The present invention relates to an adsorption / reduction agent for carbon dioxide comprising a composite metal oxide and a method for reducing carbon dioxide to carbon monoxide simply by heating the adsorption / reduction agent.

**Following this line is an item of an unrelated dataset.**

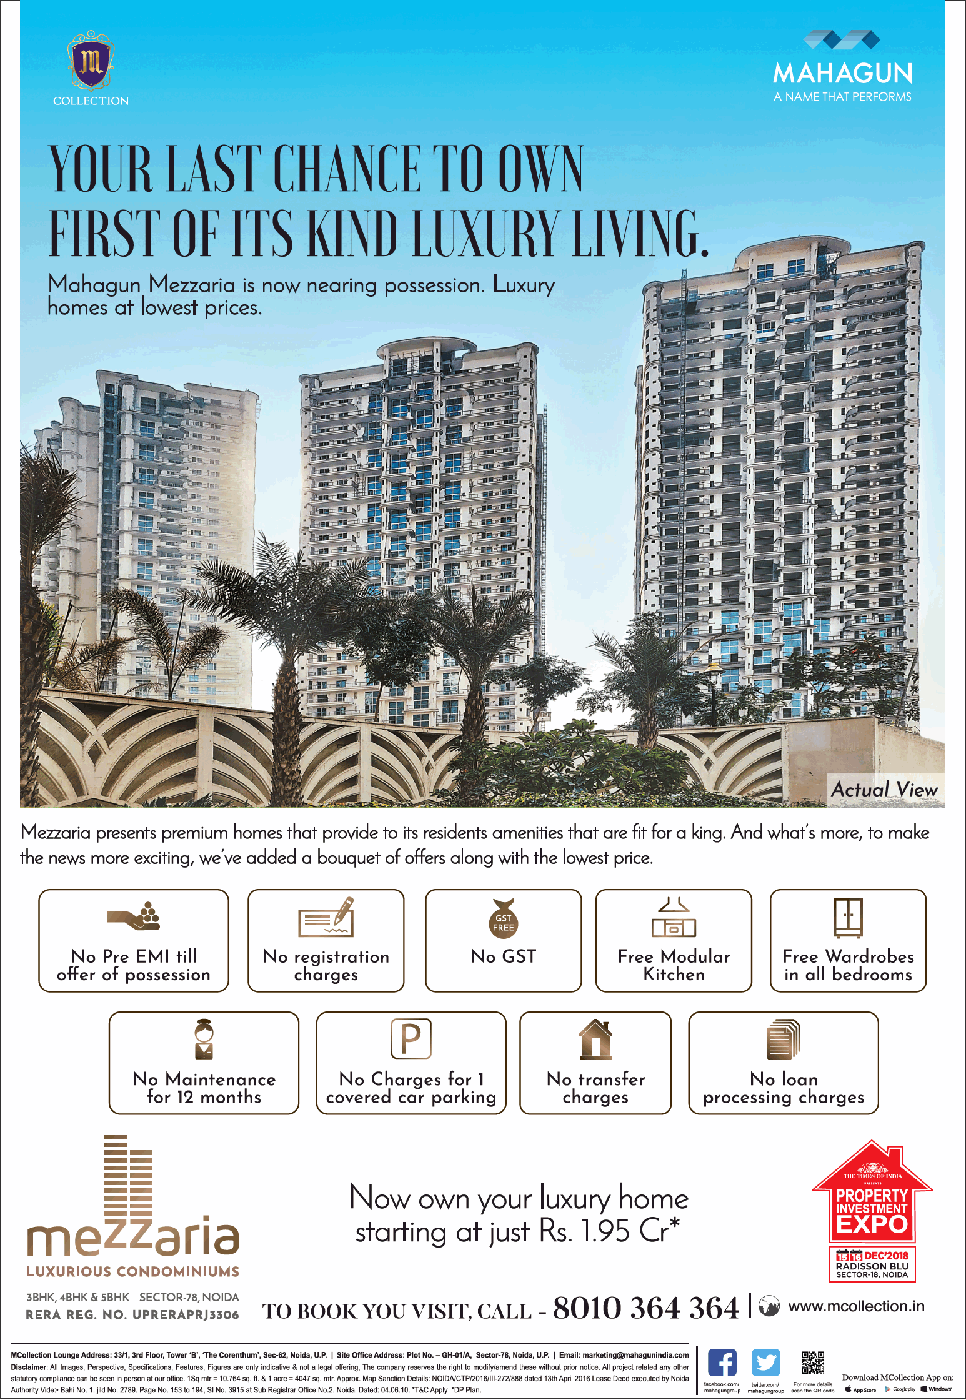 mahagun-your-last-chance-to-own-first-of-its-kind-luxury-living-ad-delhi-times-09-12-2018.png

二酸化炭素を一酸化炭素に還元する技術は、C1化学の原料として有用な一酸化炭素を製
造する方法として、また、環境問題において非常に重要である。人間の社会的活動により
大気中に放出される二酸化炭素は地球温暖化の原因の一つであることが知られており、近
年、大気中の二酸化炭素量を削減することが大きな課題となっている。
The technique of reducing carbon dioxide to carbon monoxide is very important as a method for producing carbon monoxide useful as a raw material for C1 chemistry and in environmental problems. Carbon dioxide released into the atmosphere by human social activities is known to be one of the causes of global warming. In recent years, reducing the amount of carbon dioxide in the atmosphere has become a major issue. Yes.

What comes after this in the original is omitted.